# Seafood marinara



## Topsailbum (Apr 10, 2003)

10-75 SEAFOOD SAUCE
INGREDIENTS:
2 lbs each of mussels, clam meat, sea scallops & calamari or your choice of seafood
2 jars of Victoria marinara sauce
1 can of clam juice
pepper and salt to taste
1/4 cup of hot sauce
2 heads of garlic

IN A LARGE CROCK POT, SAUTE' 2 HEADS OF GARLIC UNTIL BROWN OR TRANSLUCENT. ADD THE SEAFOOD AND SAUTE WITH HOT SAUCE UNTIL TENDER. ADD CLAM JUICE AND IF DESIRED, 2 TBSP. OF MARGARINE ( LOW CALORIE PLEASE) AND BRING TO BOIL. LOWER HEAT AND SIMMER FOR 30 MIN. ADD 2 JARS OF THE MARINARA SAUCE SALT AND PEPPER AND SIMMER AGAIN FOR AN ADDITIONAL 30 MINUTES. SERVE OVER YOUR FAVORITE PASTA AND SERVE WITH GARLIC BREAD


----------



## Anthony (Jul 3, 2002)

This looks like a good recipe to try. I'll have to cut the recipe in half since I only cook for two.

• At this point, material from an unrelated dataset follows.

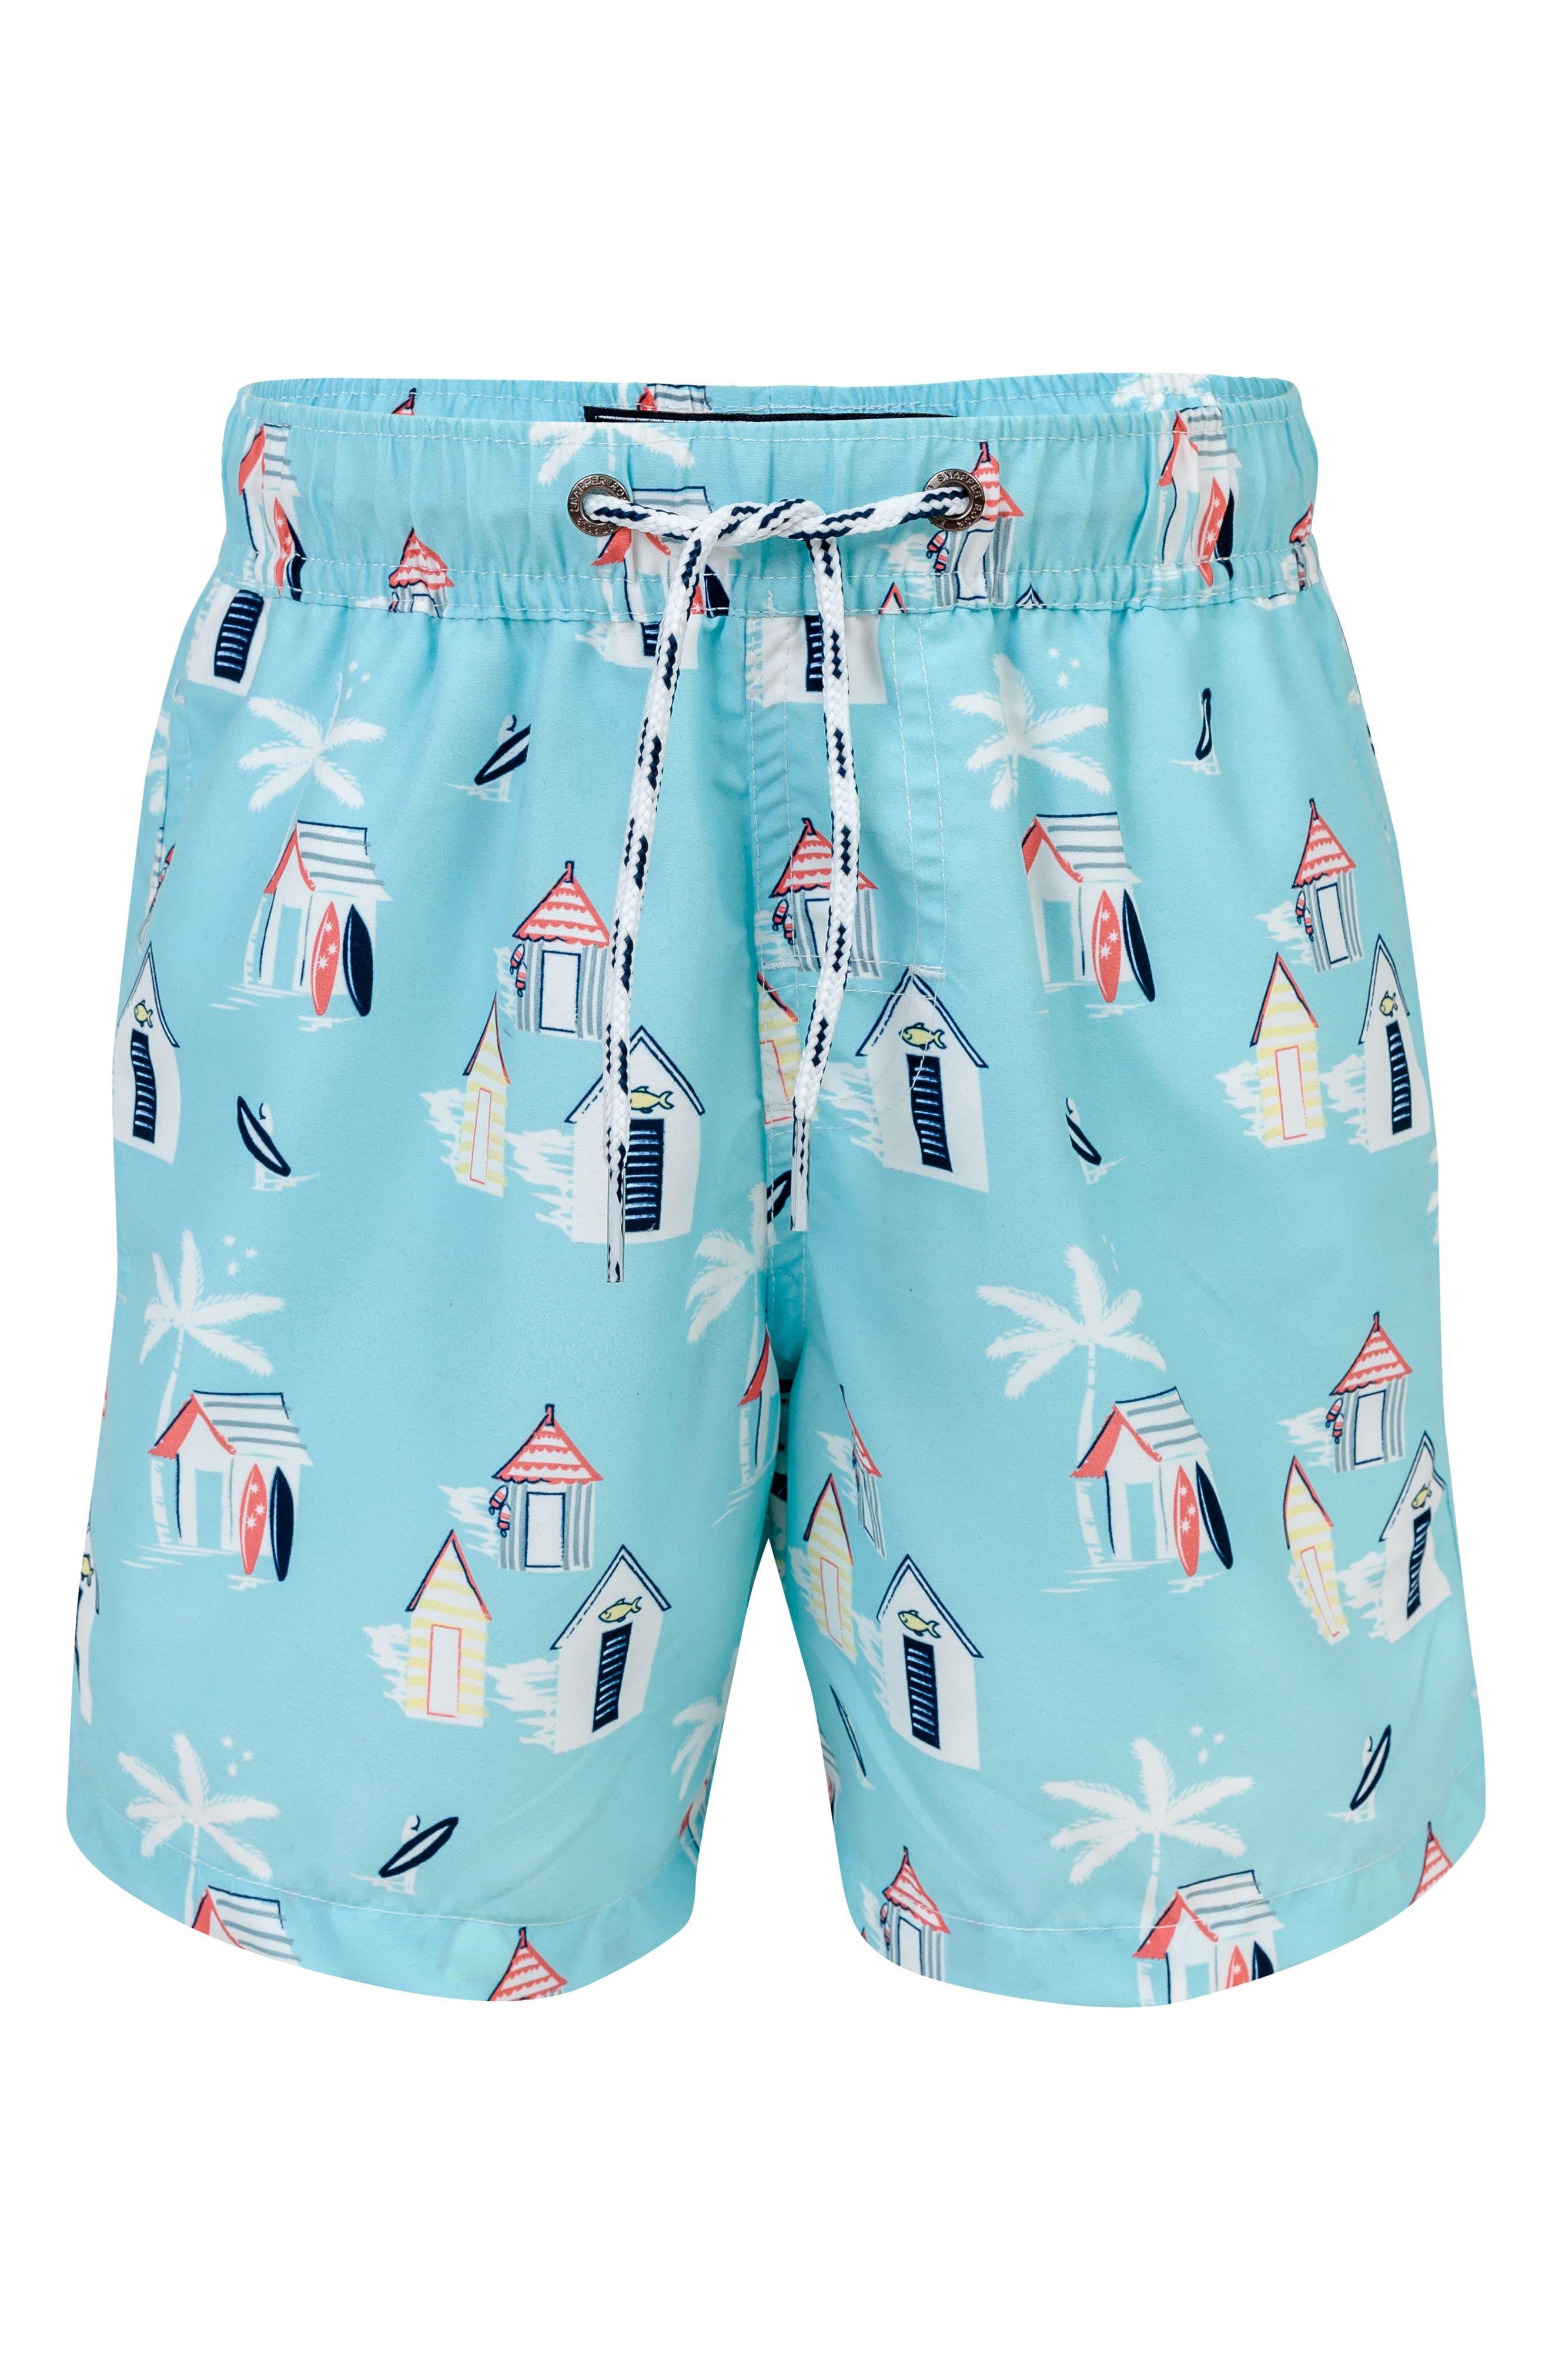 Cabana Palm Board Shorts,                             Main thumbnail 1, color,                             450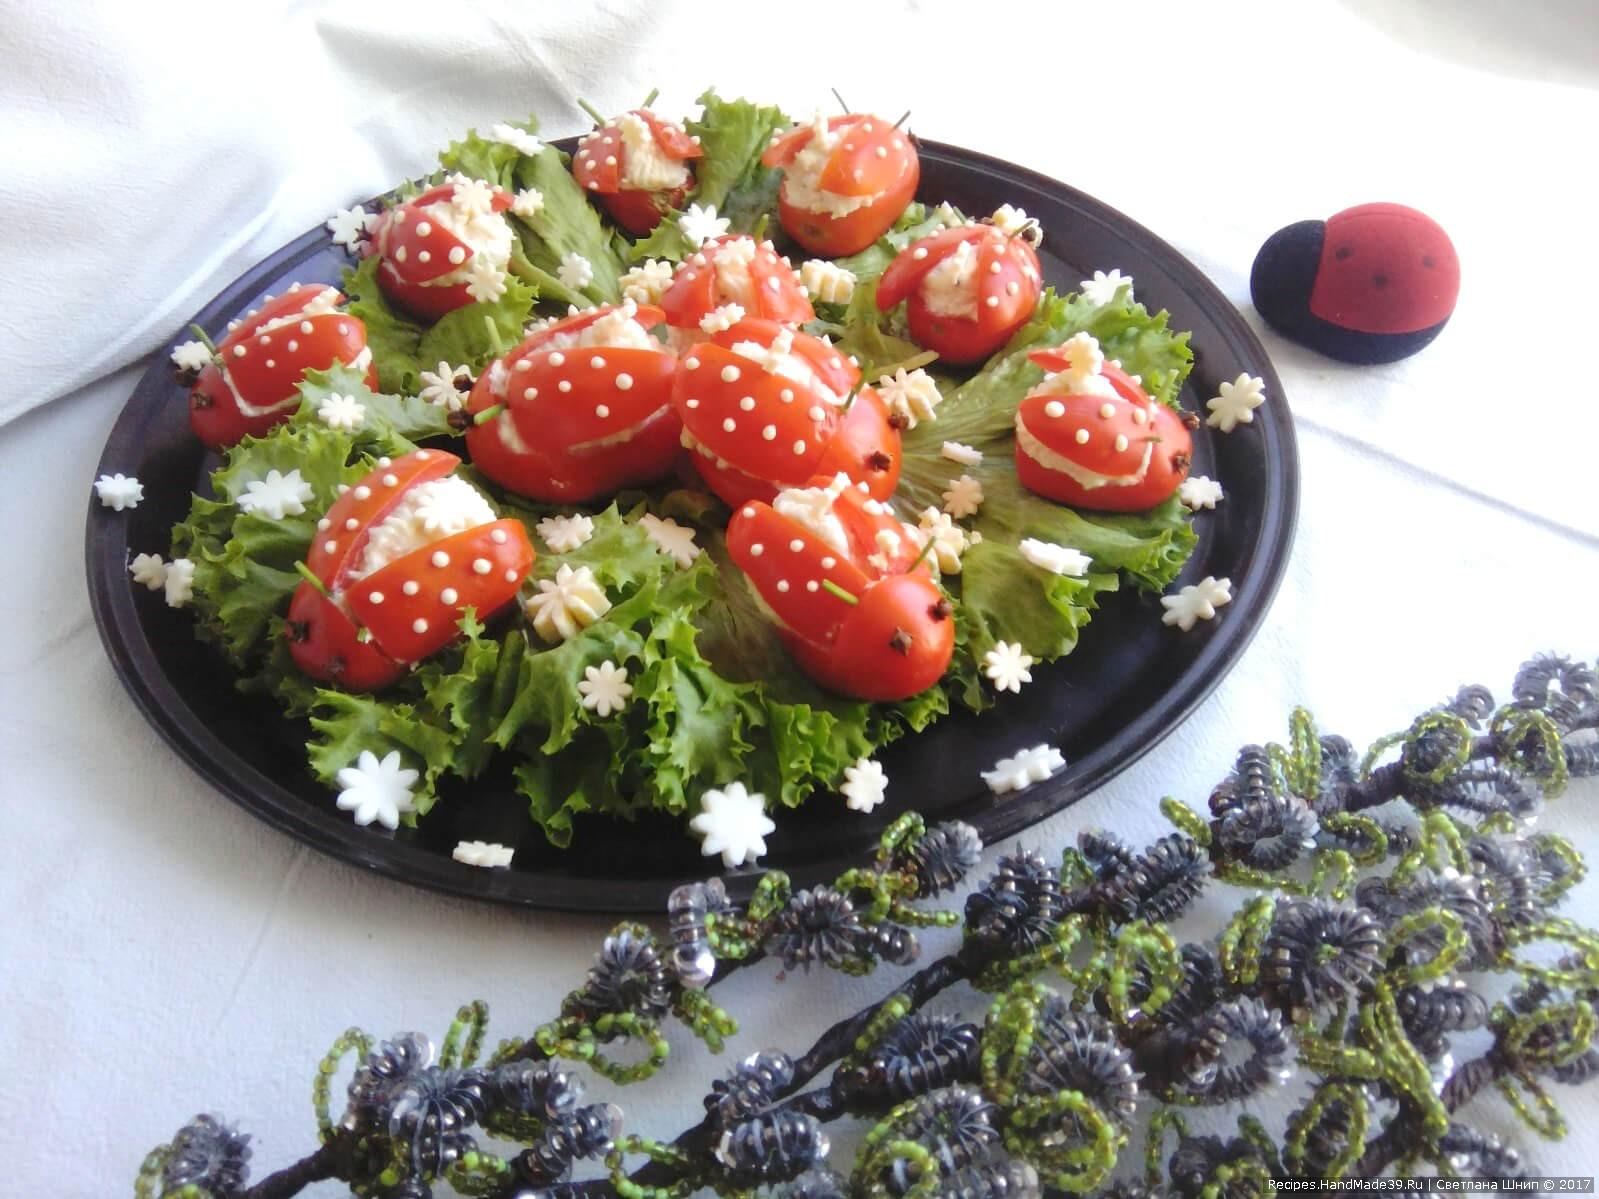 Закуска «Божьи коровки» из помидоров, сыра, яиц, чеснока – пошаговый рецепт с фото. Приятного аппетита!

This sounds really tasty.


----------



## Topsailbum (Apr 10, 2003)

cut it by 4, it feeds many


----------



## the rhondel (Feb 6, 2003)

....was scanning recipes and will try this tonight.....the R


----------



## the rhondel (Feb 6, 2003)

....dang Topsailbum,you my type of guy....8 bucks for a jar of that Victorias marinara...gonna spare no expense  ..the R


----------



## shaggy (Jun 18, 2003)

the rhondel said:


> ....dang Topsailbum,you my type of guy....8 bucks for a jar of that Victorias marinara...gonna spare no expense  ..the R


Dang R, ya spend less on women, feeshin and beer, 8 bucks for a jar of marinara wouldn't hurt as much  

Have Jeep will travel  

Nice chattin' with ya over the weekend!


----------



## the rhondel (Feb 6, 2003)

Well Shag...I've always been into self-satisfaction  ...cya in Sept......  ...the R


----------



## Topsailbum (Apr 10, 2003)

yea it aint cheap, but in my opinion pretty dang tasty. How did it work out for ya?


----------